The fact that one of his guards seemed so impressed by the prisoner annoyed Jagdish to no end. Only the lowest of his caste were given this assignment. There was never any chance for glory, but plenty of opportunity for failure. If they fulfilled their duty, none of their betters would ever notice, but if one of their prisoners escaped or killed a guard, there would be plenty of shame. The prison guards didn’t get to do the things a warrior was born to do, so it was no surprise they would be impressed by a fighter of the Black Heart’s skill.
“I want to speak to him.”
“You sure that’s a good idea, sir? I mean, I heard you were there that night…”

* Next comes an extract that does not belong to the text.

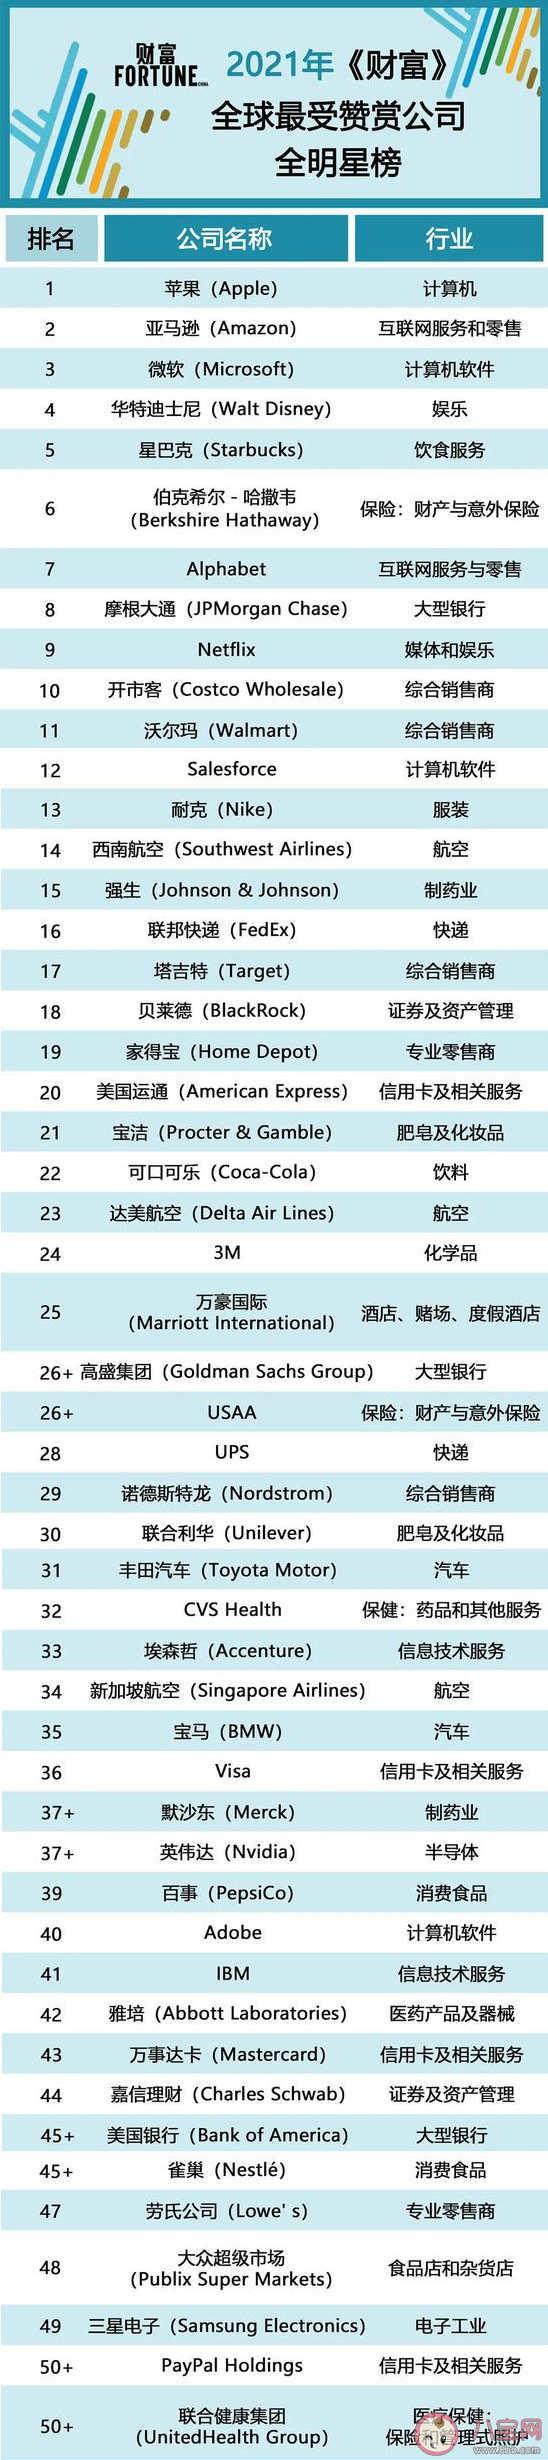 2021财富全球最受赞赏公司榜排名榜单 中国哪些公司入选

“Tomorrow, after exercise, send the rest back to their cells, but have the prisoner stay in the yard. I will meet him alone.”
* * *
That night Jagdish lay in bed beside Pakpa, thinking about what he was going to do the next day. Most would say it was foolish, but as a proud warrior, he couldn’t let such an opportunity pass. Low born, without any connections, the only other way he could rise in status was to become a war hero. A duel made perfect sense, except for that whole dying part.